The catch here is that Russia (and if this Administration had its way the three other states they designate as "successors" to the ABM Treaty -- Ukraine, Belarus, and Kazakhstan) would have to agree to any Treaty changes. But Russia has no incentive to agree to any Treaty changes because Russia already has its own ABM system and opposes any U.S. NMD system, no matter how limited. Interestingly, no one in the Clinton-Gore Administration seems to question why, if Russia thinks such a system is valuable, the United States should be denied its own system. Wouldn't stability be enhanced if both the United States and Russia had the capability to intercept ballistic missiles from rogue countries?
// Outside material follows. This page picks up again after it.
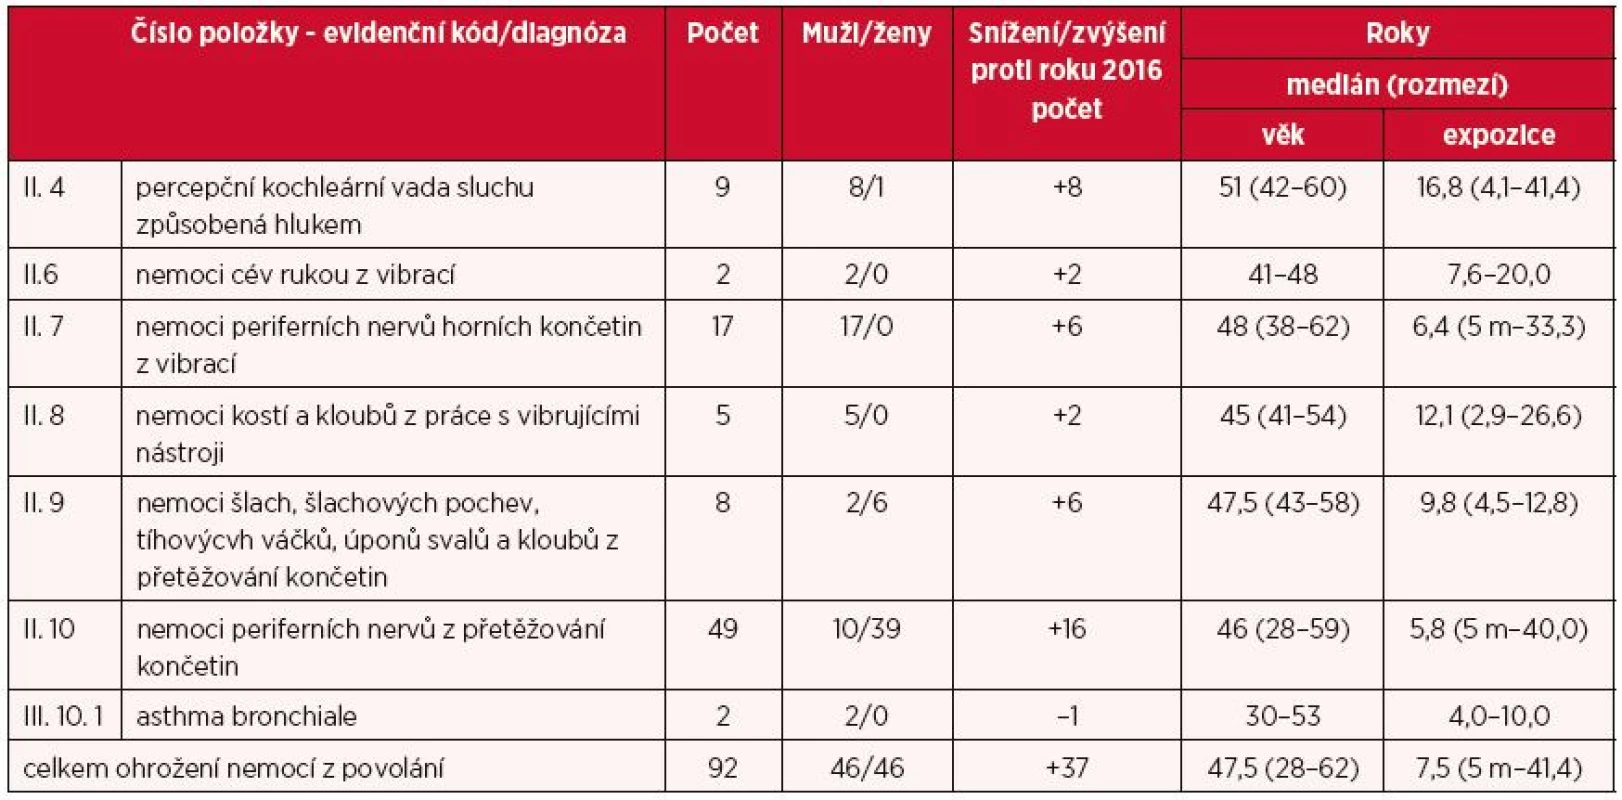 Ohrožení nemocí z povolání hlášená v České republice v roce 2017

America, the Vulnerable: the Clinton-Gore Legacy
After eight years of growing threats from abroad, Americans remain defenseless. The Clinton-Gore team have done everything to stall and delay deployment of national missile defenses. The White Houses's excuses have been many and varied: The program is too risky. It is not perfect. It will harm arms control. And, it cannot be done without the approval of our allies, and even enemies.
If such uncompromising criteria were adopted for other technologically challenging but equally promising programs, the United States would never have made supersonic aircraft in the 1950's, flown to the moon in the 1960's, or mapped the human genome by 2000.